Aos 40 anos, Deneauve era mais conhecida fora da França em propagandas de cosméticos que filmes. Somente raras vezes internacional, mas na França, e em Cannes, em especial, foi uma imperatriz, mais pesada talvez com a passagem dos anos, mas ainda impassível e intensa: À Nous Deux [A Nós Dois] (79, Claude Lelouch); Courage, Fouyons (80, Yves Robert); obtendo um grande sucesso, com Gerard Depardieu em Le Dernier Métro [O Último Metrô] (Truffaut, 80); Je Vous Aime (80, Claude Berri); Le Choix des Armes [A Escolha das Armas] (81, Alain Corneau); Reporters (81, Raymond Depardon); Hôtel des Ameriques [Hotel das Américas] (81, André Téchiné); Le Choc (82, Robin Davis); L'Africain (82, Philippe de Broca); The Hunger [Fome de Amor] (83, Tony Scott); Le Blon Plaisir (83, Francis Girod); Fort Saganne [Forte Saganne] (84, Corneau); Paroles et Musique [Letra e Música] (84, Elie Chouraqui); Speriamo che Sia Fammina [Tomara Que Seja Mulher] (85, Mario Monicelli); Le Lieu du Crime [A Cena do Crime] (86, Téchiné); Drôle d'Entroit pour une Rencontre [Um Lugar Estranho Para um Encontro] (88, Frances Dupeyron); Fréquence Meurtre (88, Elizabeth Rappeneau); Terres Jaunes (****) (89, Régis Wargnier); La Reine Blanche (91, Jean-Loup Hubert); e, um retorno emocionante, em Indochine [Indochina] (92, Wargnier); Ma Saison Préférée [Minha Estação Preferida] (93, Téchiné), também estrelado por sua filha (de Marcello Mastroianni), Chiara Deneauve.
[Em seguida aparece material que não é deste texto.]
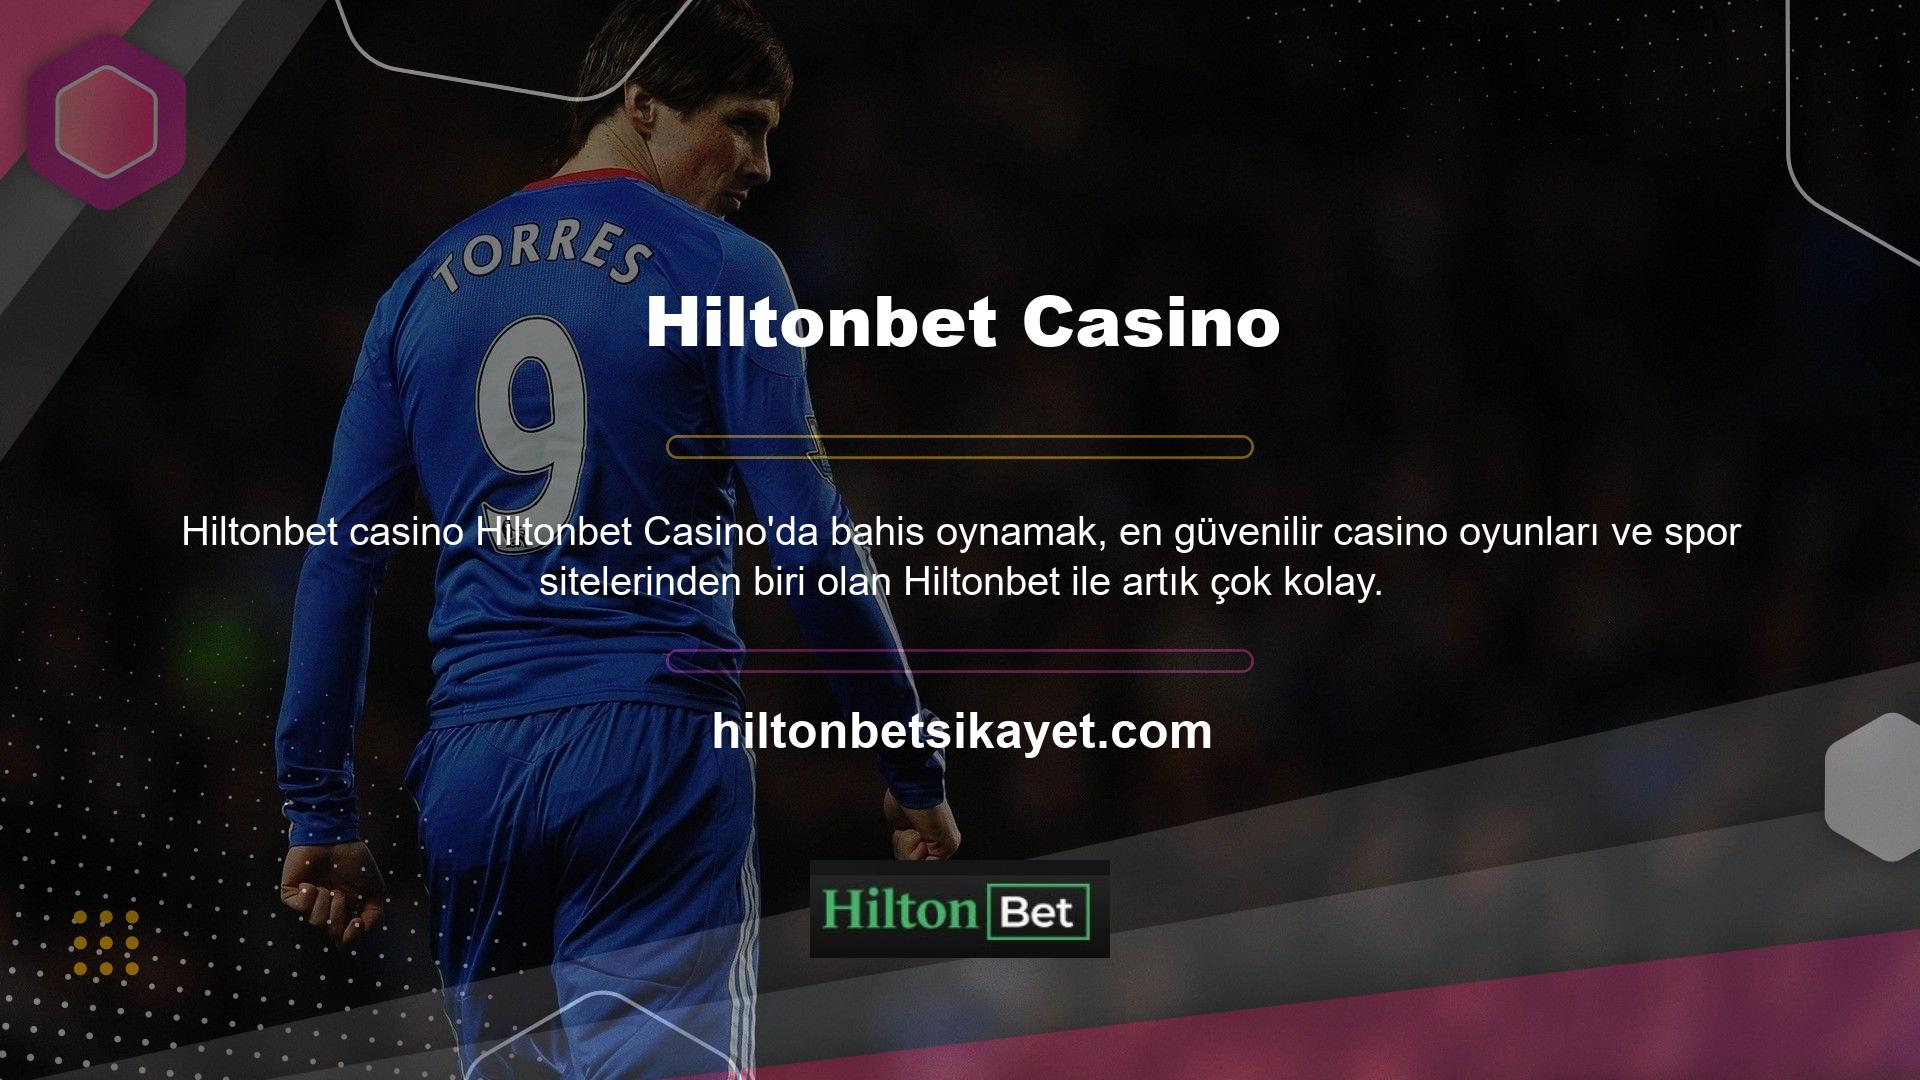 Hiltonbet web sitesine kaydolun ve her para yatırma işleminde büyük bonuslar kazanın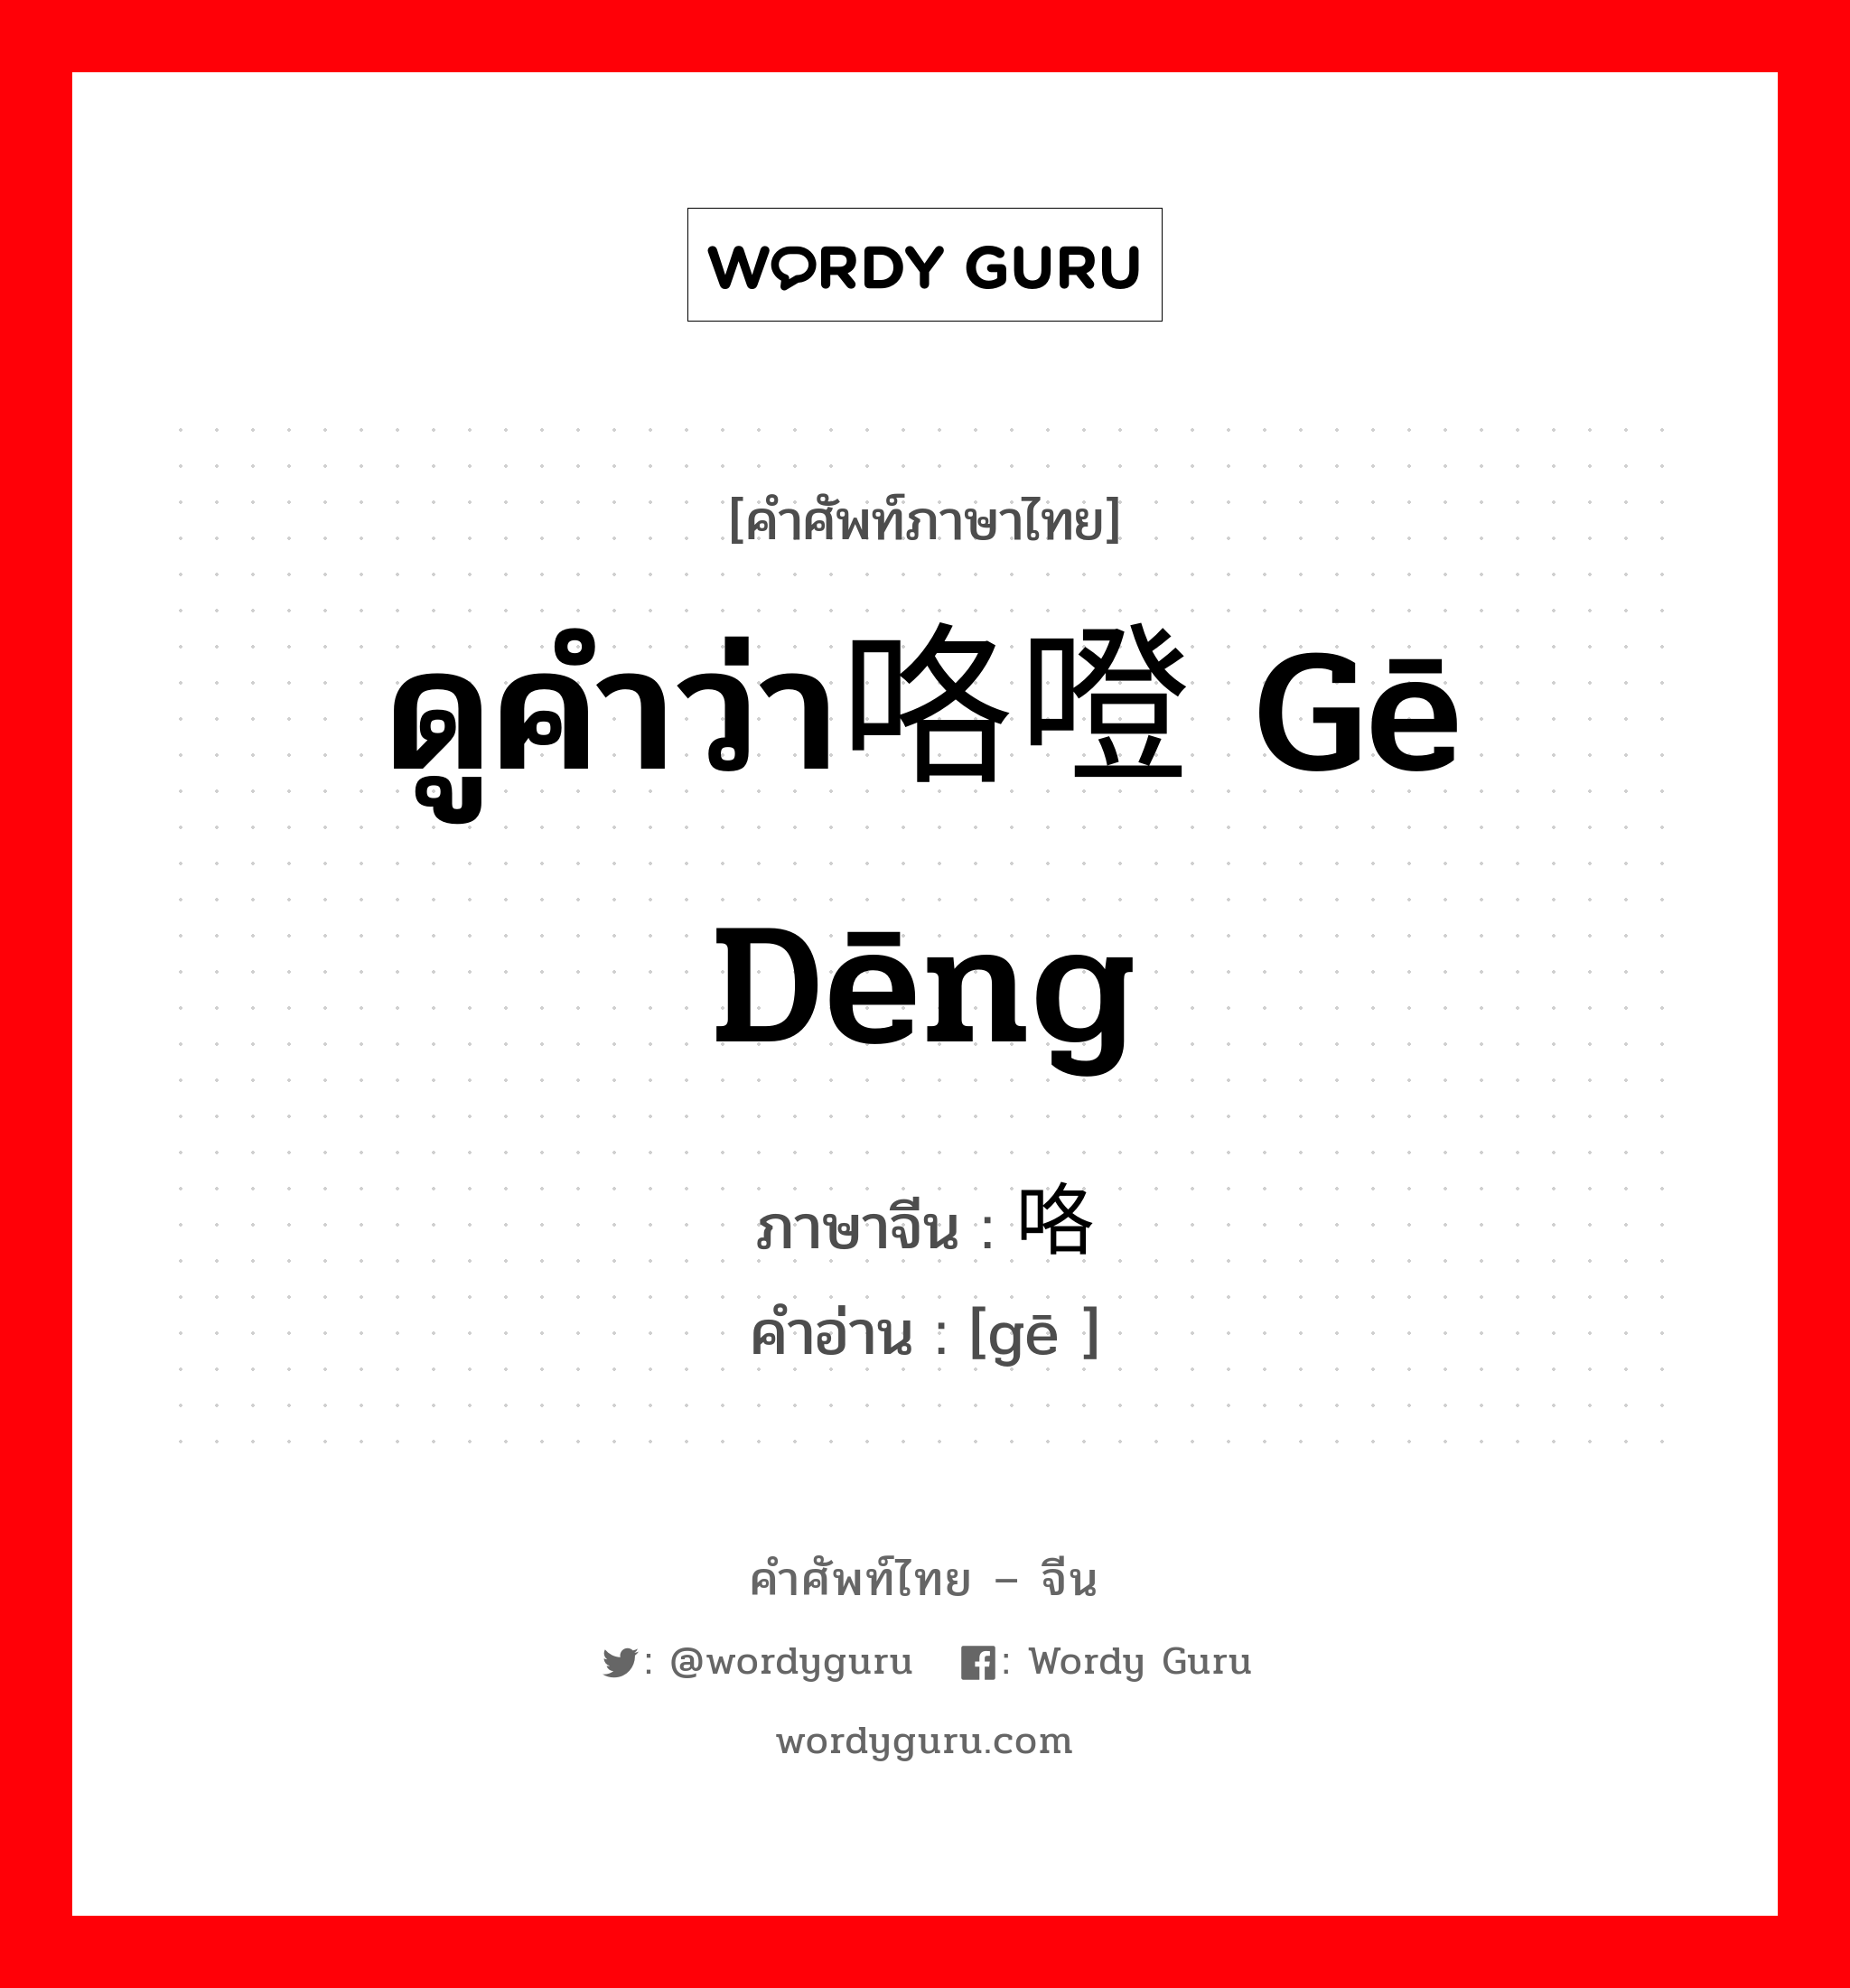 ดูคำว่า咯噔 gē dēng ภาษาจีนคืออะไร, คำศัพท์ภาษาไทย - จีน ดูคำว่า咯噔 gē dēng ภาษาจีน 咯 คำอ่าน [gē ]

Ela ainda é a atriz principal, muito bela, mas um pouco diluída. É a perda da juventude, naturalmente. Parece uma bela dama agora, alguém que atenuou os fascinantes contrastes, que um dia a tornaram um fenômeno: La Partie d'Echecs (94, Yves Hanchar); O Convento (95, Manoel de Oliveira); Les Voleurs [Os Ladrões] (96, Téchiné); L'Inconnu (96, Pierre Montazel) (*****); Généalogies d'Un Crime [Genealogias de um Crime] (97, Raul Ruiz); Place Vendôme (98, Nicole Garcia); Le Vent de la Nuit [O Vento da Noite] (99, Philippe Garrel); Belle Maman (99, Gabriel Aghion); Pola X (99, Leos Carax); Le Temps Retrouvé [O Tempo Redescoberto] (99, Ruiz); Est-Ouest [Leste/Oeste - O Amor no Exílio] (99, Wargnier); Dancer in the Dark [Dançando no Escuro] (00, Lars Von Trier); The Musketeer [A Vingança do Mosqueteiro] (01, Peter Hyams); Le Petit Poucet (01, Olivier Dahan); Ja Rentre à la Maison [Vou Para Casa] (01, Oliveira); 8 Femmes [8 Mulheres] (02, François Ozon); Au Plus Près du Paradis (02, Tonie Marshall); na TV, como Marquesa de Merteuil em Les Liasons Dangereuses [Ligações Perigosas] (03, Josée Dayan); Um Filme Falado (03, Oliveira); Marie Bonaparte****** (04, Benoît Jacquot).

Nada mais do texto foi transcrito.